→ ASSIGNED TASK: Wherever the string "inches" shows up in the data below, copy the whole line.

Dataset entries:
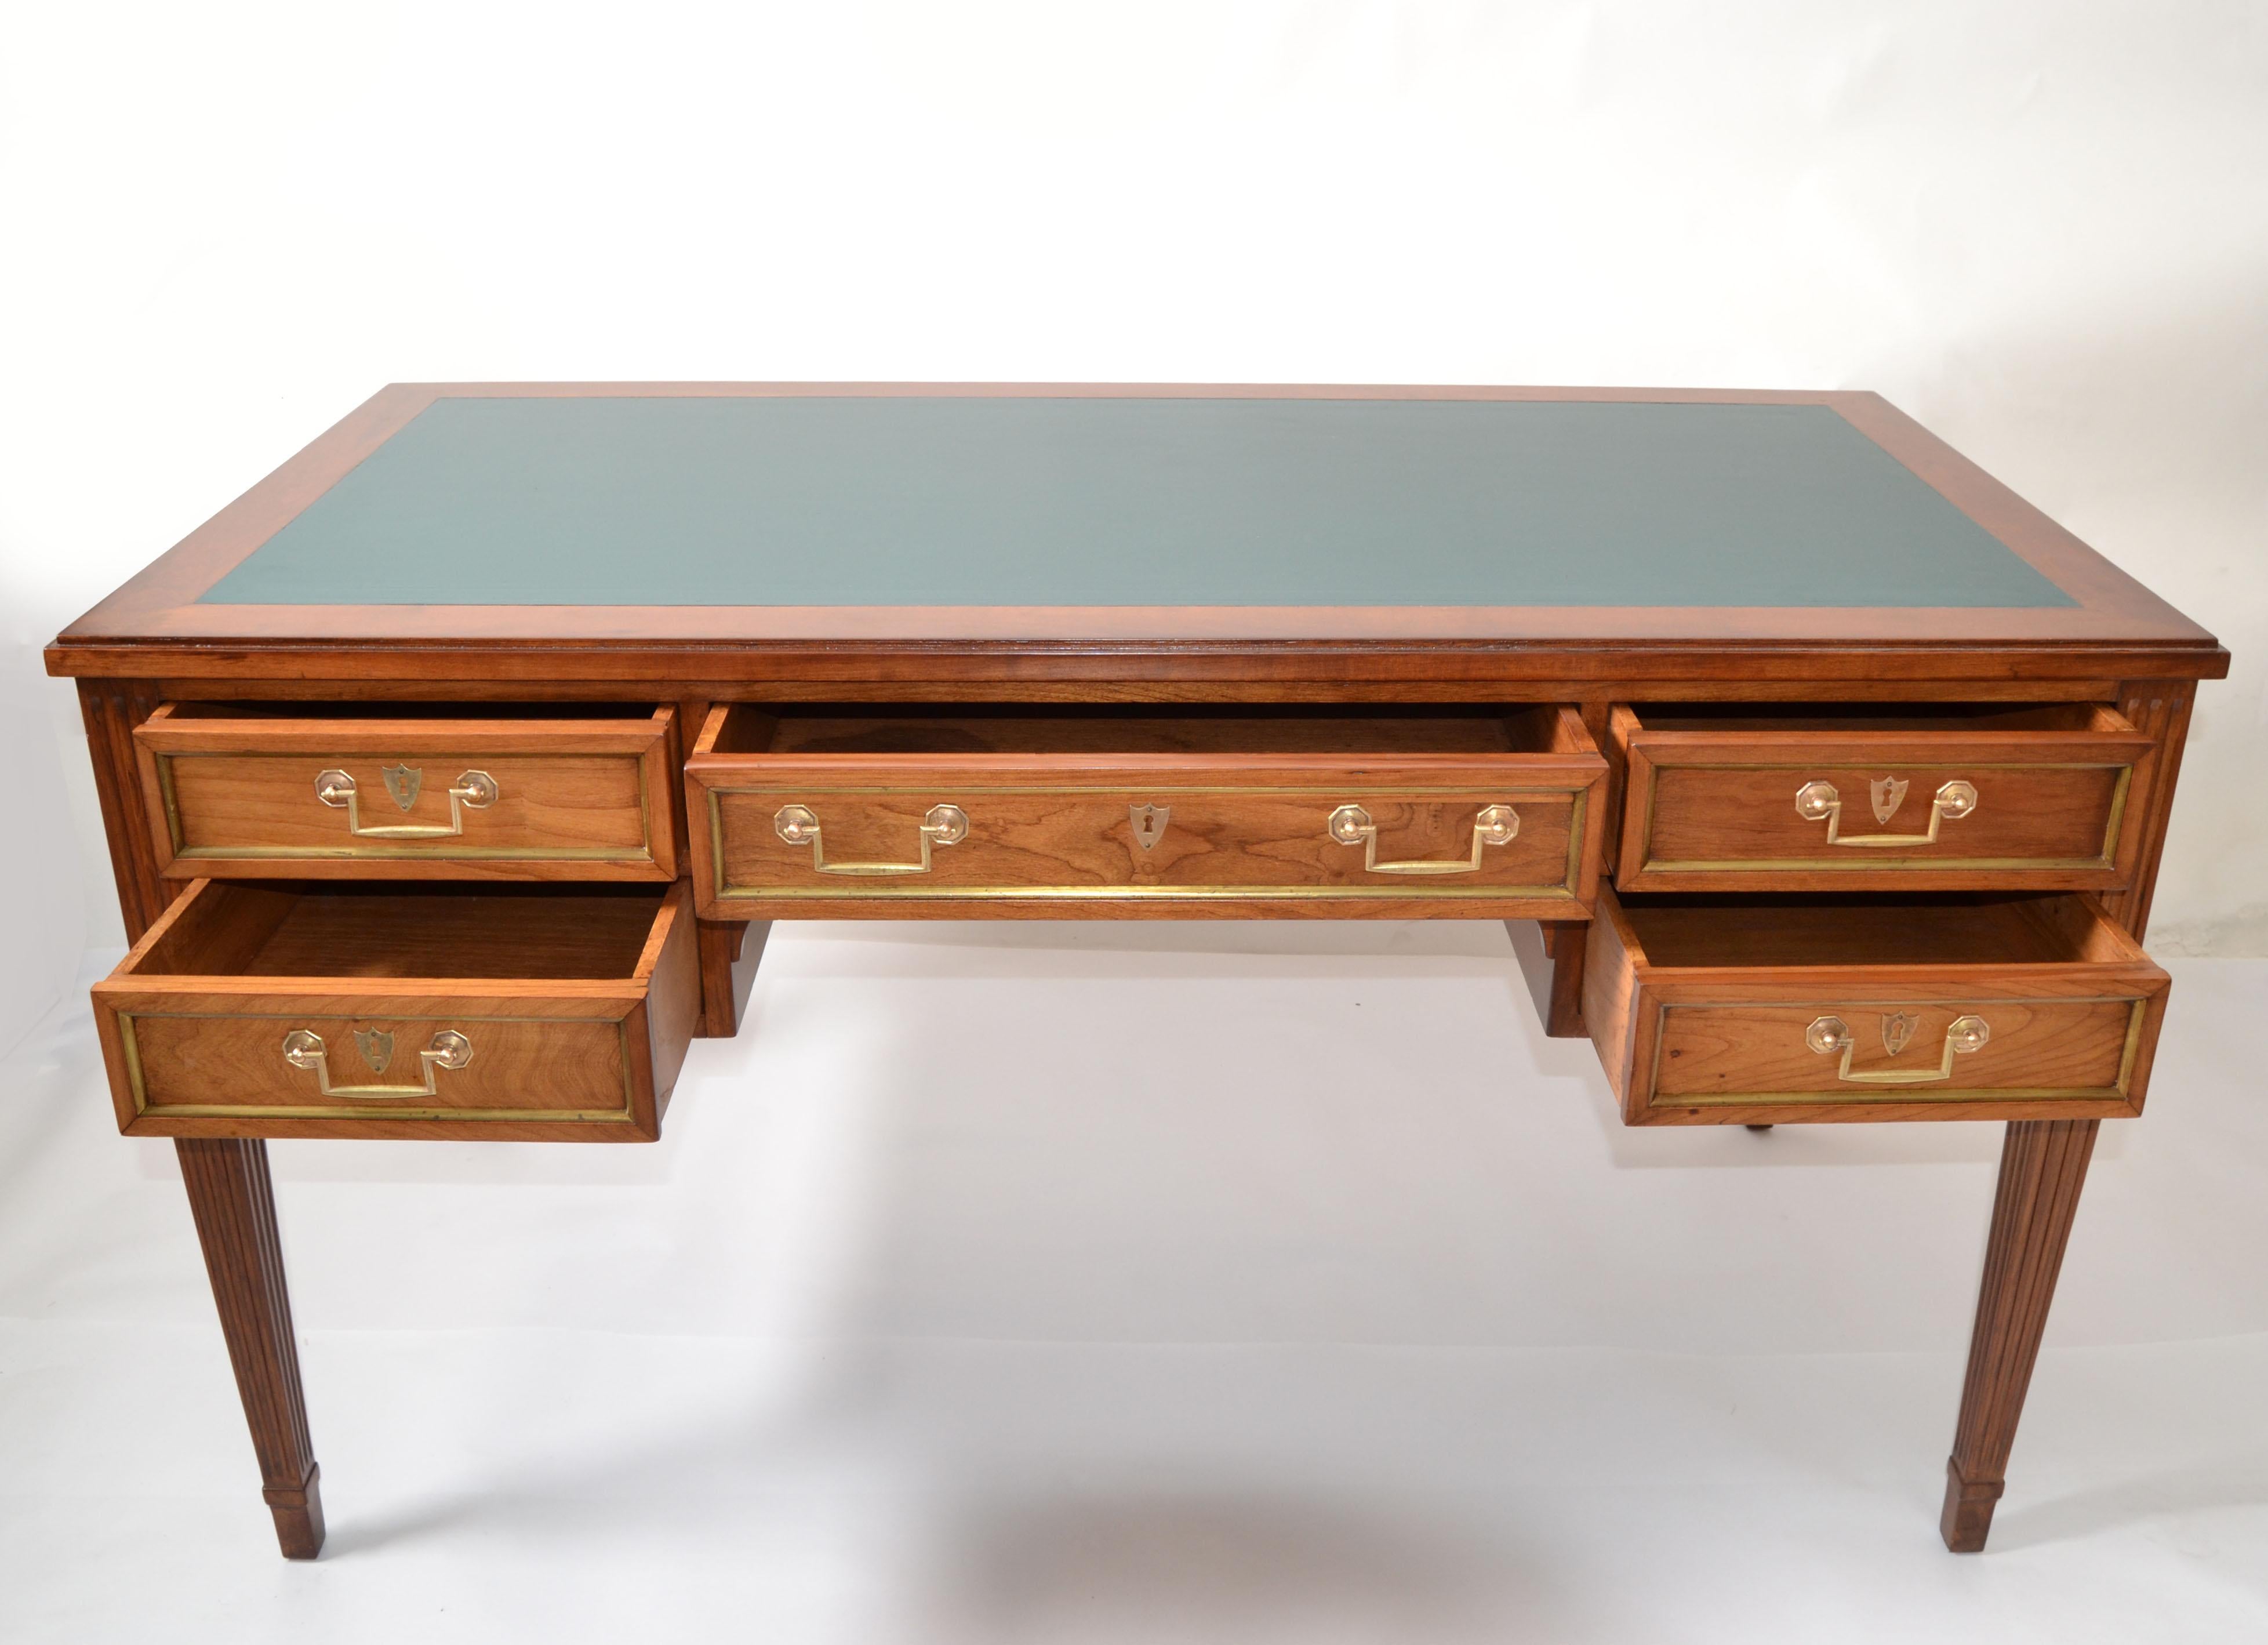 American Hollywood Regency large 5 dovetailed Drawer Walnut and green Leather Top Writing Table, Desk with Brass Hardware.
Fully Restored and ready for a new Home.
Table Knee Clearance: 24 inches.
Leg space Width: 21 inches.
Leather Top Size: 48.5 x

→ WORKED SOLUTION:
Table Knee Clearance: 24 inches.
Leg space Width: 21 inches.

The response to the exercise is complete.